Но женой, которая не верит ему и думает, что он использовал ее чувство для достижения своих целей. И несмотря на это, согласилась выйти за него. Что означает также, что она согласилась спать с ним, делить с ним супружеское ложе и исполнять свои супружеские обязанности по его первому требованию. Эта мысль радостным возбуждением отозвалась в его душе. Но с другой стороны, как он может сейчас думать об этом, зная, насколько ранимой и беззащитной перед ним чувствует она себя? Он вспомнил, как она плакала вчера в лесном домике. Близость должна доставлять обоюдную радость, но для нее она будет сейчас пыткой, унизительным актом попрания ее воли и только отдалит ее от него. Нет, он не может сделать этого, зная, что трещина в их отношениях только увеличится. Надо приложить все усилия, чтобы заделать эту трещину недоверия, и единственный способ — дать ей почувствовать, что он не такой, каким был Журден. Хотя Журден и действовал без злого умысла, но как только Адела стала обузой его планам, он тут же бросил ее и тем самым нанес неизгладимые раны хрупкой душе маленькой Мартины. И если он сам своим поведением напомнит ей отца, эти раны откроются вновь и трещина между ними превратится в пропасть. Надо хотя бы на время обуздать свои инстинкты, действуя мягко и постепенно, чтобы вернуть ее любовь и восстановить доверие.
Вошел брат Мэтью, и если он даже и удивился тому, что молодожены не легли спать вместе, то виду не подал. Он предложил Торну сыграть партию в шахматы, и тот согласился.
— Я получил очень интересное письмо от Оливье сегодня вечером. Королева Алиенора весьма скоро собирается быть его гостьей в Блэкберне, — сказал Мэтью, расставляя фигурки на шахматной доске.
— Правда? — спросил Торн, садясь напротив настоятеля. — А я-то думал, что она во Франции вместе с королем Генрихом.
— Да, она была там, но вернулась в Англию без него вскоре после рождественского поста. В соответствии с королевским повелением она разъезжала по стране, верша правосудие.
— Разве королевское правосудие не в ведении лорда-канцлера Беккета?

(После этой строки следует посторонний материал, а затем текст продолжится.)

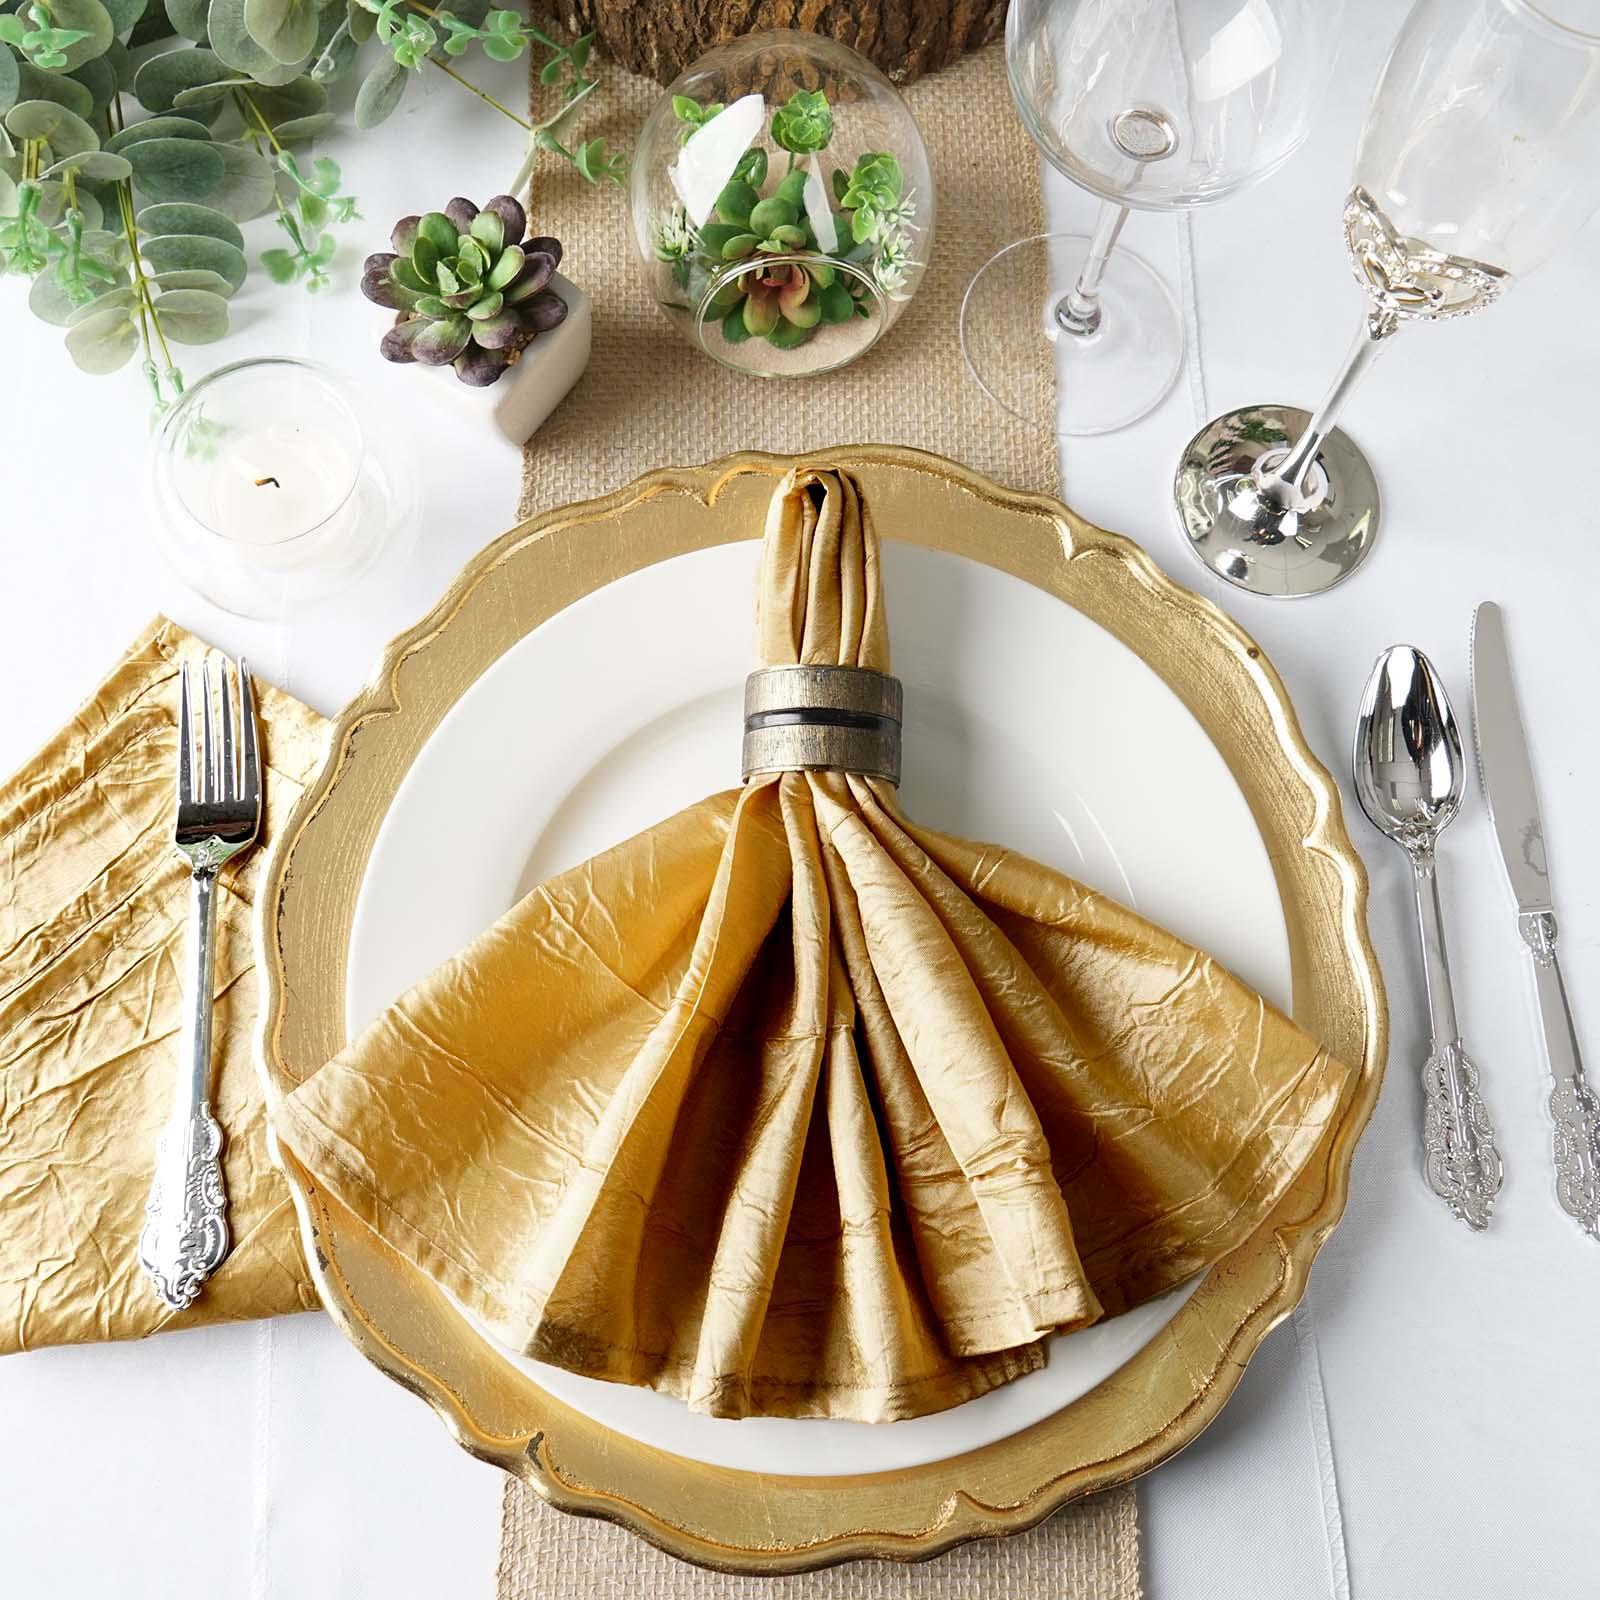 BalsaCircle 5 pcs 20 inch Taffeta Crinkle Napkins - Wedding Party Events Restaurant Dinner Kitchen Home Decorations

— Верно, но лорд-канцлер за границей вместе с королем Генрихом. Оливье сообщил, что королева, узнав об осаде Блэкберна и о том, что баронство осталось без владельца, весьма заинтересовалась этим делом. Она отписала ему, что хочет лично взглянуть на неприступную крепость, взятую лишь благодаря геройству Торна Фальконера. Не знал, что вы с ней знакомы.
— Райнульф представил меня ей, когда мы прибыли в Париж после плена. Не знаю, почему, но я ей понравился. Мы много и часто беседовали с ней.
— Говорят, что в ней поразительным образом сочетаются божественная красота и острый, не женский ум. Это правда?
— Да. Она удивительно красива, — сказал Торн, — и очень умна и образованна. Правда, когда я познакомился с ней, она пребывала в меланхолии. Она в то время ждала ребенка, но уже подала папе петицию с просьбой о разводе с Людовиком. Мне она сказала, что когда выходила за него замуж, то думала, что будет женой короля, а вместо этого обнаружила, что стала женой монаха. Думаю, сейчас она чувствует себя более счастливой, чем тогда.
— В этом у вас будет возможность убедиться самому, — заметил Мэтью, делая первый ход. — Оливье написал, что Алиенора попросила его устроить праздничный ужин в вашу честь.
Торн в изумлении уставился на хитро улыбающегося настоятеля.
— В мою честь?!
— Ну да. Вы ведь герой, освободитель Блэкберна.
— О Боже, вот так дела! — пробормотал Торн.
Мэтью хохотнул, указывая пальцем на доску:
— Ваш ход.
Естественно, сосредоточиться на игре после этого Торн уже не мог, и поэтому Мэтью легко обыграл его. Настоятель отказался сыграть реванш, сославшись на то, что устал и хочет поспать до заутрени.
Чтобы не будить Мартину, Торн разделся в зале и, взяв одежду в охапку, тихонько проскользнул в спальню. Он постоял над кроватью с чувством удивления, смешанным с восхищением, глядя на спящую жену. «Мы теперь муж и жена! — подумал он. — Надо же, Мартина моя жена!»
Она лежала на боку, сложив ладони вместе перед собой, словно в молитве. Сбившаяся ночная рубашка обнажала прелестные плечи и идеальной формы длинные руки. Под ее складками угадывались груди, такие круглые и упругие. Он вспомнил, как держал их в своих ладонях, какие они были на вкус, когда он касался ртом ее сосков. Сердце его учащенно забилось, живот напрягся.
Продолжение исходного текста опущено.